Observatório – Tomb Raider: o valor de um bom desafio

Sentar em frente ao PC em 2018 para jogar Tomb Raider 2, um jogo lançado há mais de 20 anos, é uma experiência ao mesmo tempo divertida e estranha. A forma de fazer jogos mudou muito desde aquela época, e os jogadores também. Coisas que tinham importância na época acabaram caindo no esquecimento, ou até sendo consideradas obsoletas. Porém, isso não significa que o jogo não tenha nada a nos ensinar. Nesse post, quero falar de algumas coisas que me surpreenderam ao jogar Tomb Raider 2, e que trazem reflexões interessantes tanto para desenvolvedores quanto jogadores:

1. Leia o manual:

Tomb Raider 2 não tem tutorial. Os controles e uma introdução sobre o enredo estão disponíveis em um manual, que vem disponível em PDF junto com a versão digital. Parece uma coisa um tanto antiquada precisar ler um documento antes de jogar qualquer jogo, mas era assim que a coisa funcionava com muitos dos jogos que eram lançados 2 décadas atrás. Cometi o erro de não ler todo o manual com atenção e fiquei trancado em uma fase por não saber qual botão era utilizado para acelerar um veículo (lancha). Se por um lado isso pode parece chato, obrigar o jogador a ler algo torna o jogo uma experiência mais lenta, onde tudo é apreciado e aprendido em seu devido tempo. A maioria dos jogos atualmente se apressam em colocar o jogador no meio da ação e aventura logo de início, e é legal ver uma abordagem diferente.

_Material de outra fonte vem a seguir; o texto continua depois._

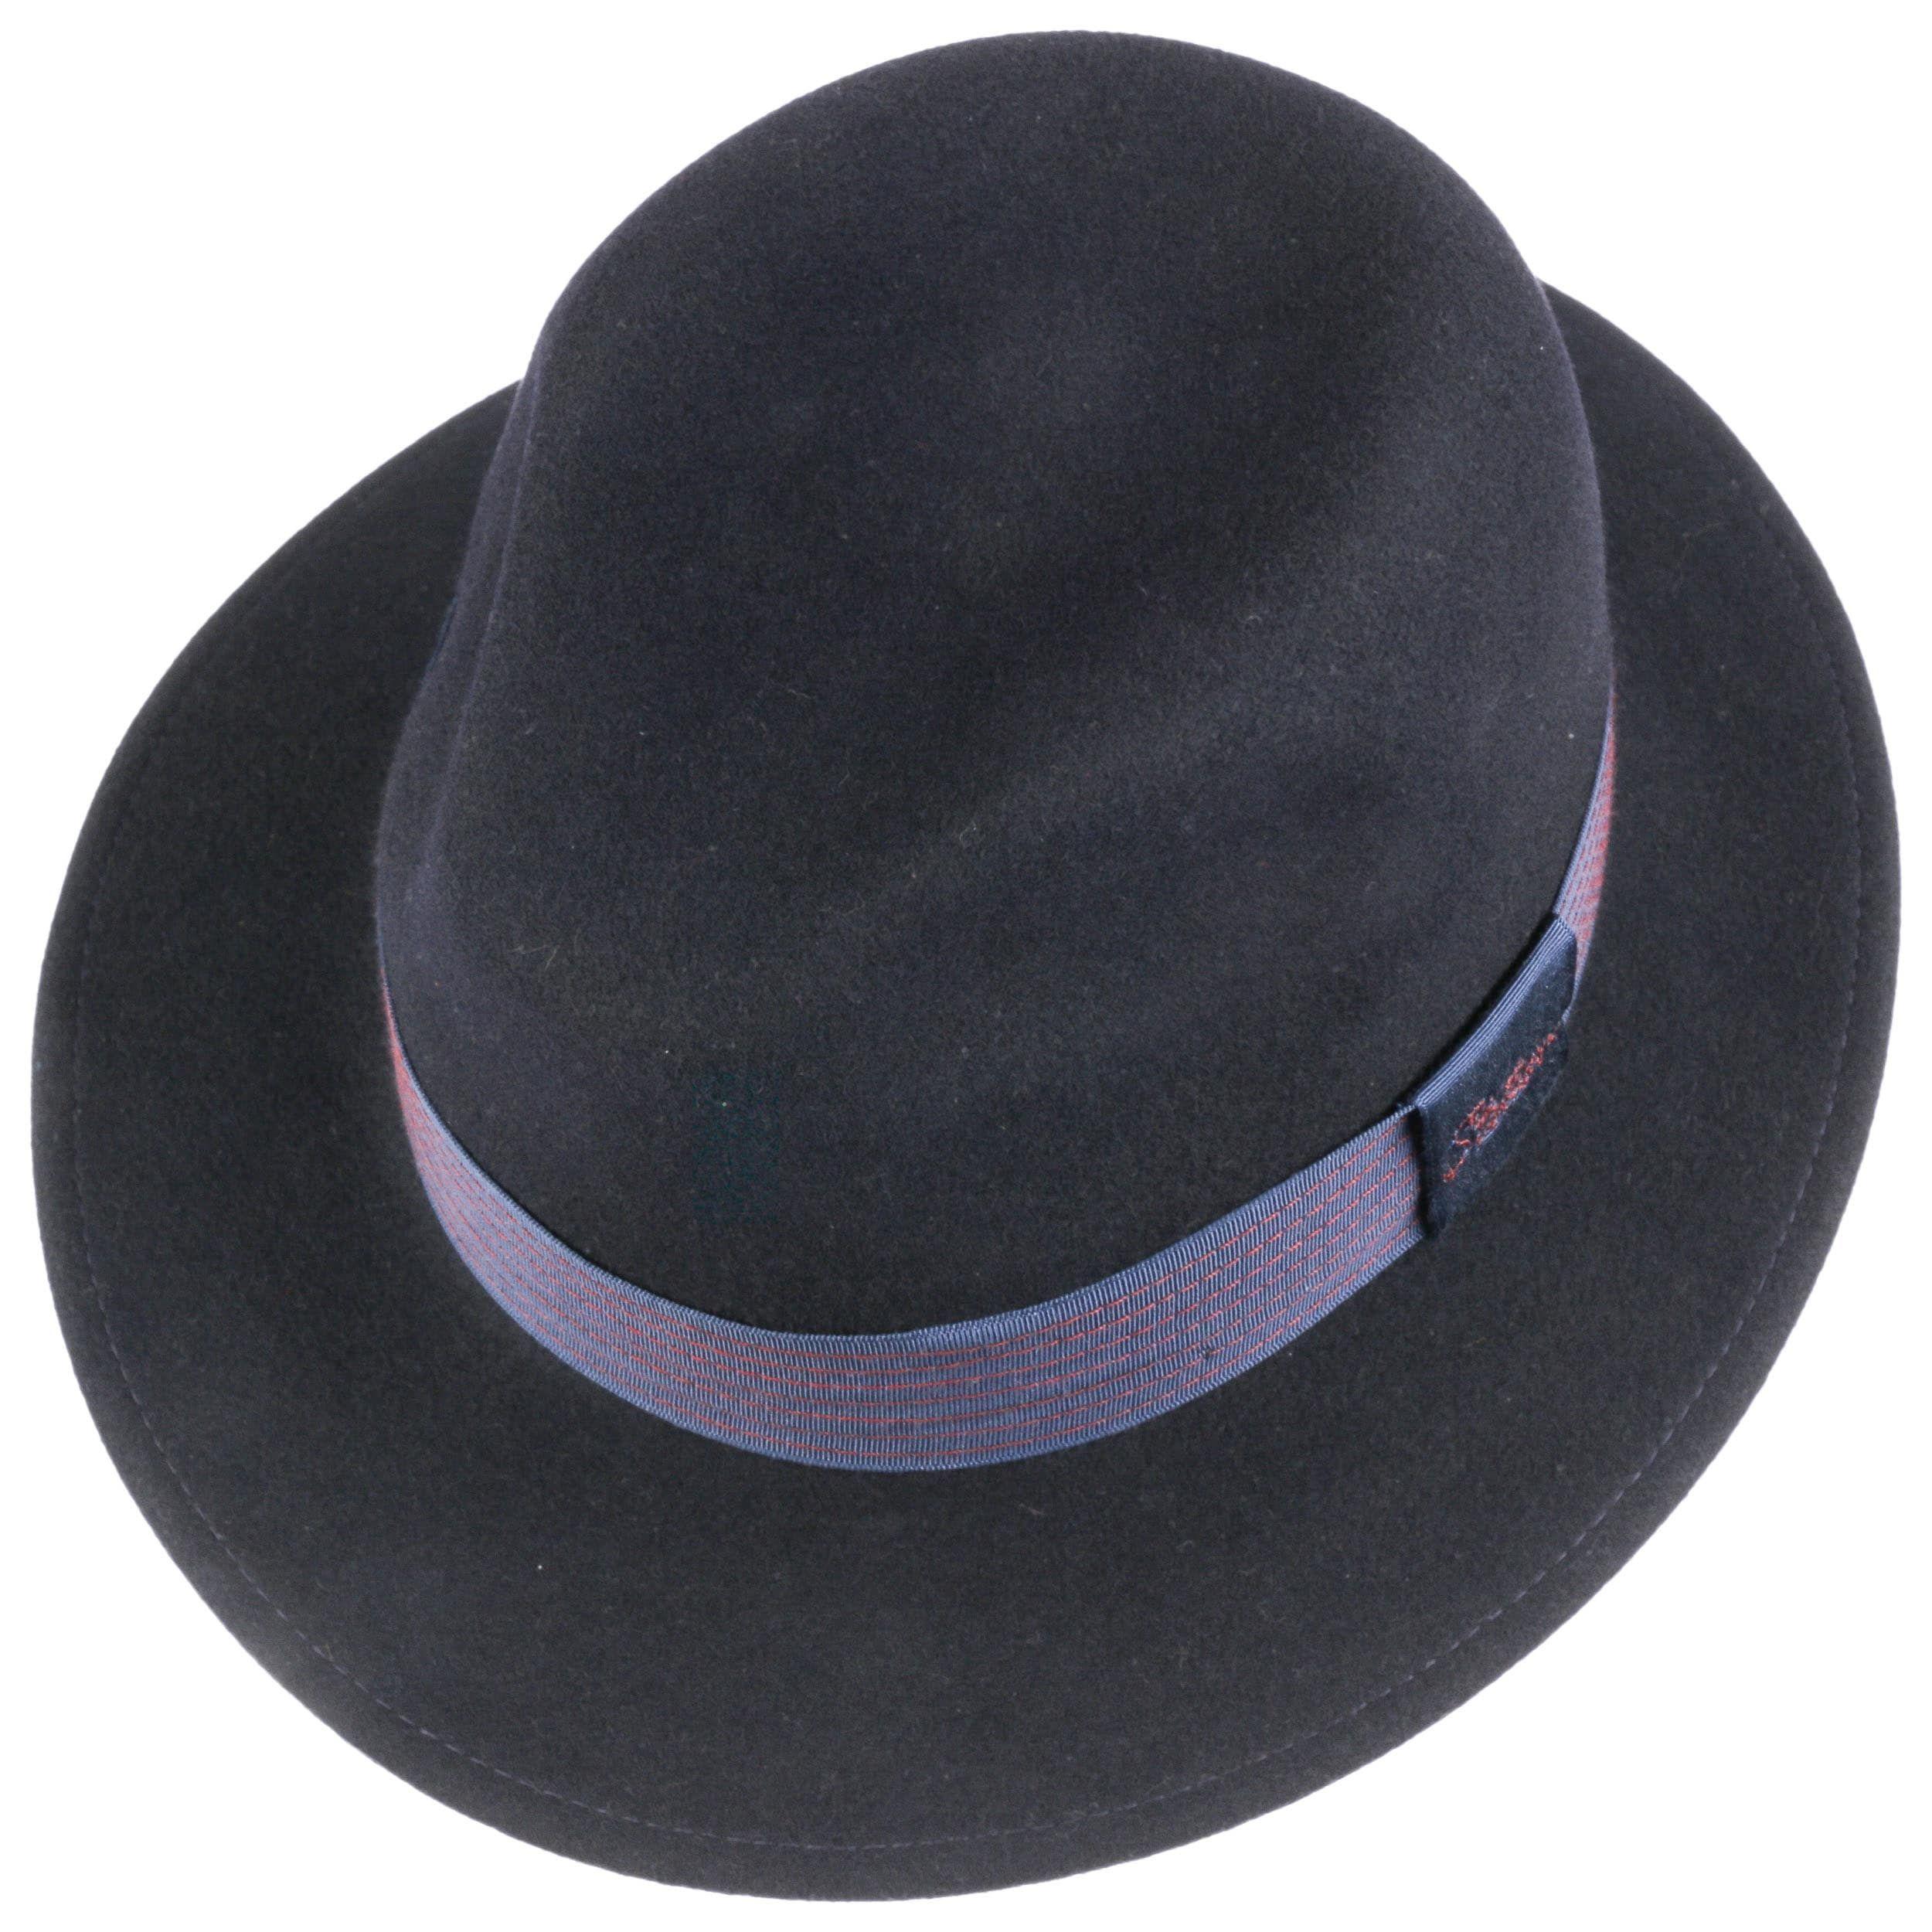 Brockledge VitaFelt Hat navy

2. Nada de pedir uma ajudinha:

Nos jogos mais recentes da franquia Tomb Raider, Lara irá dizer pistas ao jogador caso ele esteja demorando tempo demais para resolver um puzzle. Embora isso possa ser um alívio para alguém que já esteja há algum tempo trancado na mesma fase/puzzle, este tipo de abordagem acaba com uma das melhores partes de qualquer jogo: o prazer da descoberta. Quando você descobre ou conquista algo com seu próprio esforço, seja em um game ou na vida real, a sensação é sempre de dever cumprido, realização, plenitude. Quando alguém simplesmente aparece e te diz o que fazer, a sensação é de conforto, mas ao mesmo tempo de monotonia. Um bom jogo deve ter um equilíbrio entre “sofrimento” e recompensa.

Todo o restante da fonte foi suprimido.